Basic Sailing Maneuvers

Basic Sailing Maneuvers

The basics for learning how to maneuver a sailing boat

The basics of sailing begin with heading up and hauling in, as well as falling off and easing off. These sailing terms, explained from the very first sailing lessons, are essential. Why? Because they allow the helmsman (the person at the boat’s helm) to give instructions to their crew. These maneuvers aim to either turn into the wind or turn away from it

Heading up and hauling in to turn into the wind

This maneuver allows you to turn into the wind. In order for it to be properly carried out, the coordination between the helmsman and their crew must be perfect.

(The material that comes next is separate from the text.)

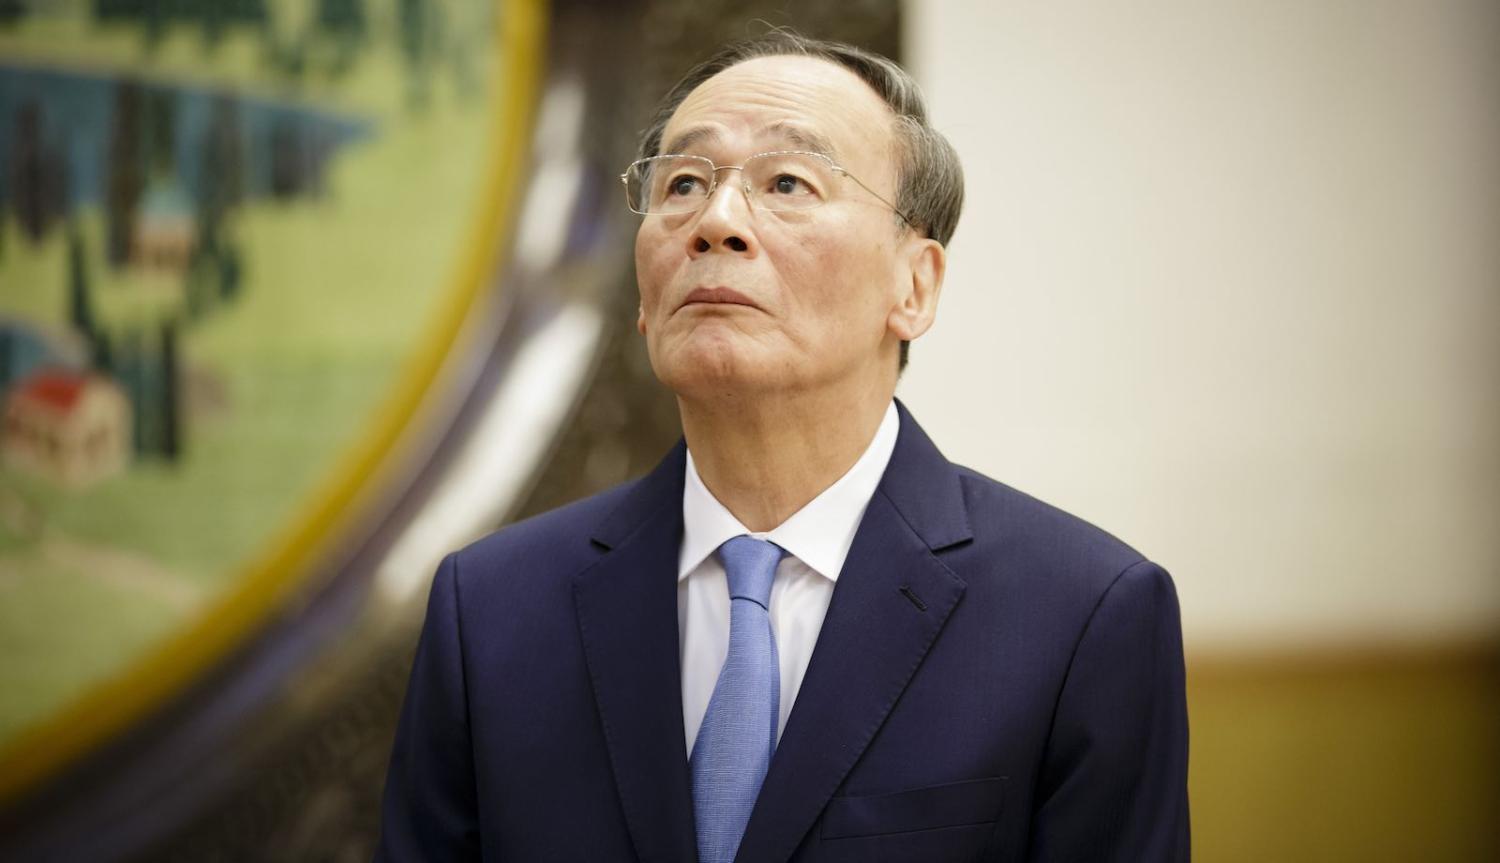 Wang Qishan, Vice President of the People's Republic of China (Photo: Inga Kjer via Getty)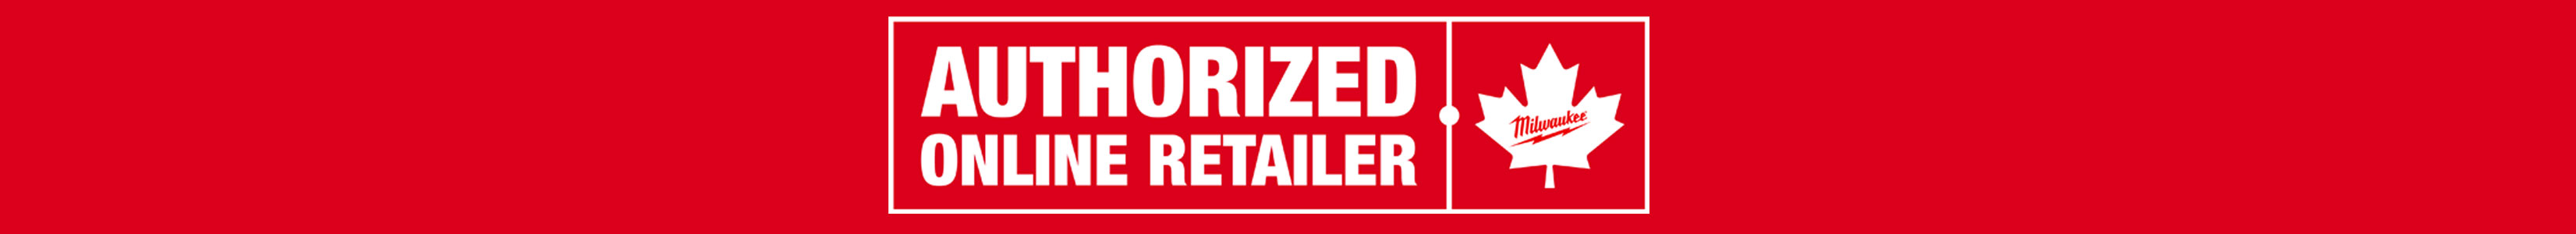 Authorized Online Retailer

Heading up means that the helmsman directs the nose of the boat closer to the wind. To do this, they must
push the rudder tiller or turn the wheel in the direction of their choice; tell their crew to haul in the sails.

Hauling in means that the crew must tighten the sail. This sailing maneuver involves adjusting the sheet (the rope used to alter the angle of the sail relative to the sailing boat) and therefore allows the boat to turn into the wind.

If you release the wheel and the boat heads up naturally, this is known as weather helm.

Falling off and easing off to turn away from the wind

Conversely, this maneuver allows you to turn away from the wind.

When a helmsman falls off, this means that they turn the front of the boat away from the wind. Here, the maneuver is almost the same as when the helmsman heads up as they must:
- pull (rather than push) the rudder tiller or turn the wheel in the direction of their choice;
- tell their crew to ease off the sail.

Easing off also means tightening the sails in order to fall off the boat and have the full wind behind you. This means the boat will accelerate.
If you release the wheel and the boat falls off naturally, this is known as lee helm.

Hoist or bring down the sail?

Sailing terminology is as vast as the ocean. That’s why it’s important to distinguish between these two notions:
- Hoisting the sails sends the sail to the top thanks to the rigging: the halyard;
- Bringing down the sail means that we take down the sail(s) using its weight.

How to dock at a port and moor a boat?

Boat fenders, moorings, the crew, the helmsman have to think of everything when docking at a port. The maneuver can be delicate in certain ports that are difficult to access, which is why the operation requires the whole team to be rigorous and meticulous. While the helmsman directs, the crew has to deal with protective elements (boat fenders) and the rigging (moorings).

Here are some precautions to take when docking at a port:
1. put the boat fenders in an upright position along the whole of the hull, at jetty height;
2. wrap the moorings around the cleats so that they are ready;
3. analyze the direction and strength of the wind, and do the same for the current;
4. check that the spot is available or at least that there is a space for visitors on the jetty.